NFS is based on two similar but distinct protocols: MOUNT and NFS. Both make use of a data object known as a file handle. There is also a distributed protocol for file locking, which is not technically part of NFS, and which does not have any obvious security ramifications,^[4] so we won't describe the file-locking protocol here.

^[4] While there are no obvious security implications for the lock protocol itself (other than the obvious denial of service problems), the lockd daemon that implements the protocol was the subject of several buffer overflow problems discovered in the late 1990s.

15.1.2 File Handles

Each object on the NFS-mounted filesystem is referenced by a unique object called a file handle.

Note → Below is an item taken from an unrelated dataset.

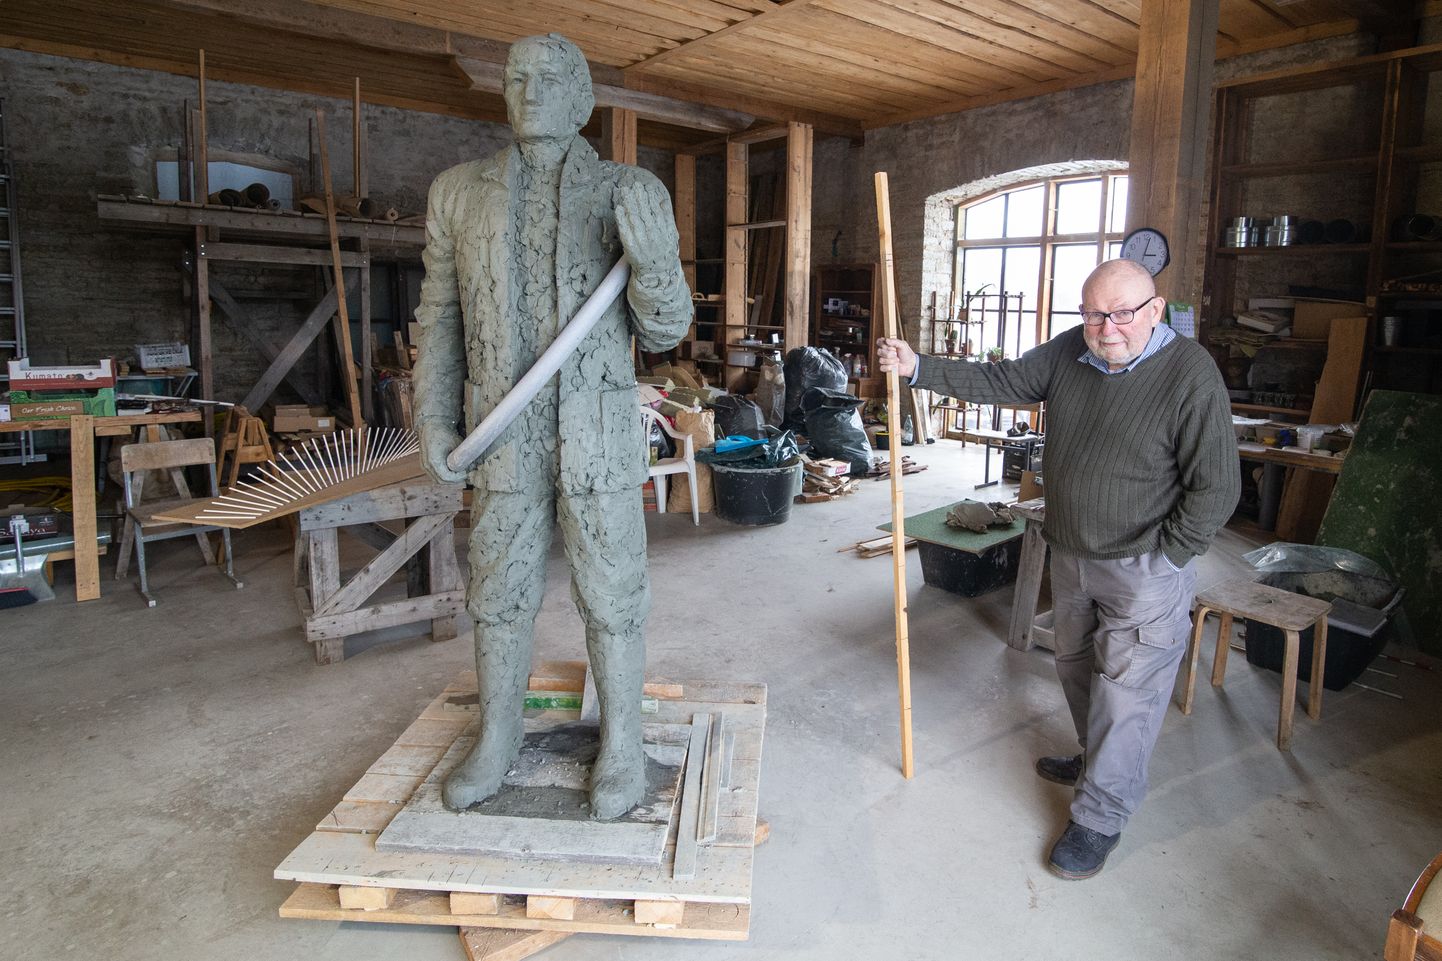 Лембит Палм изначально хотел сделать скульптуру повыше - 2,2 метра. Однако заказчик предпочел, чтобы шахтер больше походил на обычного человека, поэтому высота статуи составит 1,83 метра.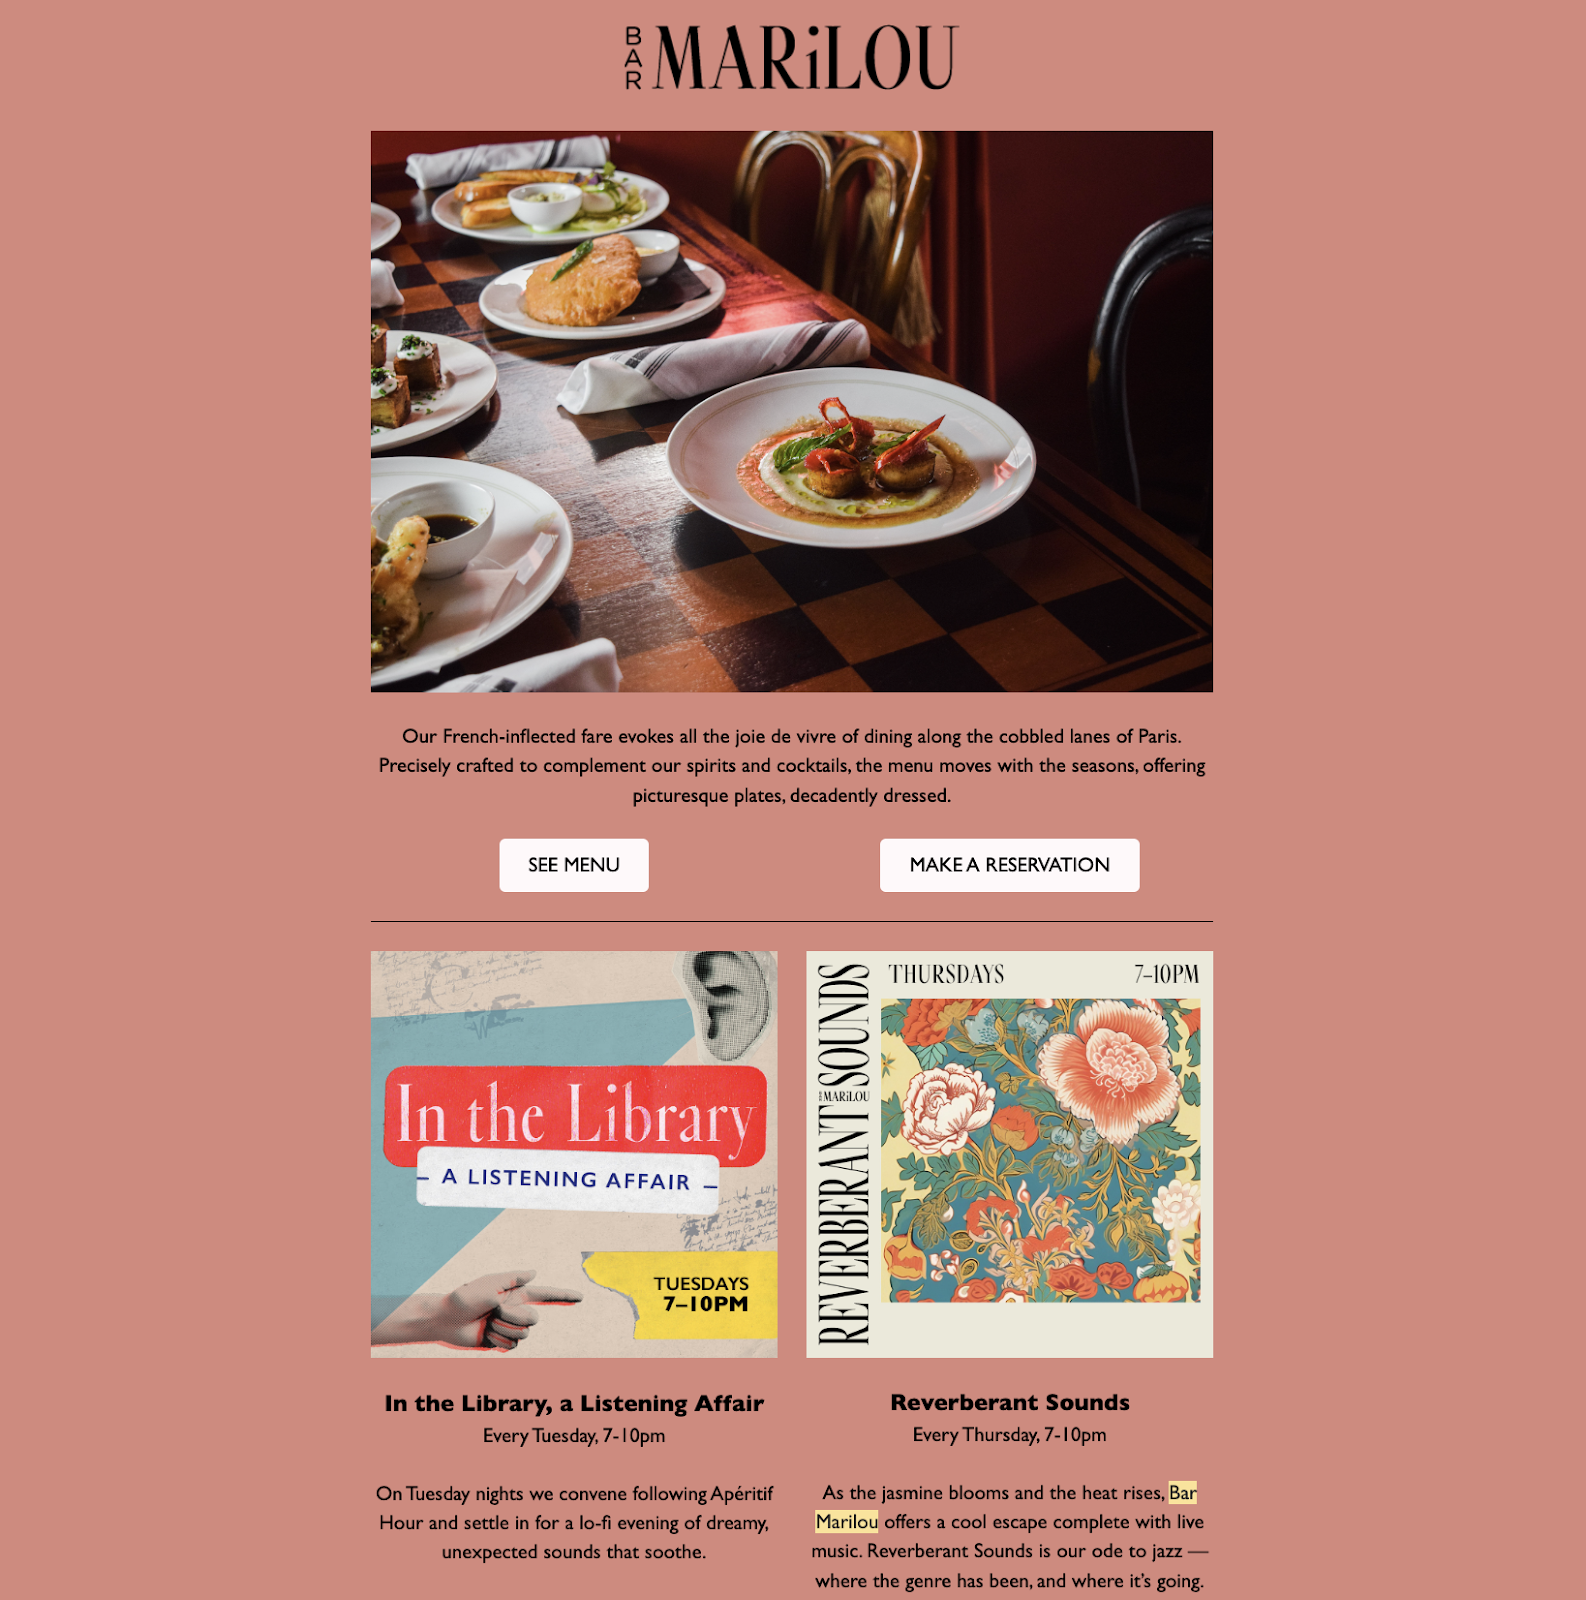 Idées de marketing pour les restaurants : une newsletter par e-mail du restaurant Bar Marilou, basé à la Nouvelle-Orléans. L'e-mail comprend une photo de haute qualité des plats servis, des boutons CTA pour voir le menu ou faire une réservation, ainsi que des informations sur deux événements à venir.

A file handle is viewed by the client as being opaqueóthe client cannot interpret the contents. However, to the server, the contents have considerable meaning. The file handles uniquely identify every file and directory on the server computer.

The Unix NFS server stores three pieces of information inside each file handle.

Filesystem identifier: Refers to the partition containing the file (file identifiers such as inode numbers are usually unique only within a partition).
File identifier: Can be something as simple as an inode number, used to refer to a particular item on a partition.
Generation count: A number that is incremented each time a file is unlinked and recreated. The generation count ensures that when a client references a file on the server, that file is, in fact, the same file that the server thinks it is. Without a generation count, two clients accessing the same file on the same server could produce erroneous results if one client deleted the file and created a new file with the same inode number. The generation count prevents such situations from occurring: when the file is recreated, the generation number is incremented, and the second client gets an error message when it attempts to access the older, now nonexistent, file.

Which Is Better: Stale Handles or Stale Love?

To better understand the role of the generation count, imagine a situation in which you are writing a steamy love letter to a colleague with whom you are having a clandestine affair. You start by opening a new editor file on your workstation. Unbeknownst to you, your editor creates the file in the /tmp directory, which happens to be on the NFS server. The server allocates an inode from the free list on that partition, constructs a file handle for the new file, and sends the file handle to your workstation (the client). You begin editing the file. "My darling chickadee, I remember last Thursday in your office . . . " you start to write, only to be interrupted by a long phone call.

You aren't aware of it, but as you are talking on the phone, there is a power flicker in the main computer room, and the server crashes and reboots. As part of the reboot, the temporary file for your mail is deleted along with everything else in the /tmp directory, and its inode is added back to the free list on the server. While you are still talking on the phone, your manager starts to compose a letter to the president of the company, recommending a raise and promotion for you. He also opens a file in the /tmp directory, and his diskless workstation is allocated a file handle for the same inode that you were using (it is free now, after all)!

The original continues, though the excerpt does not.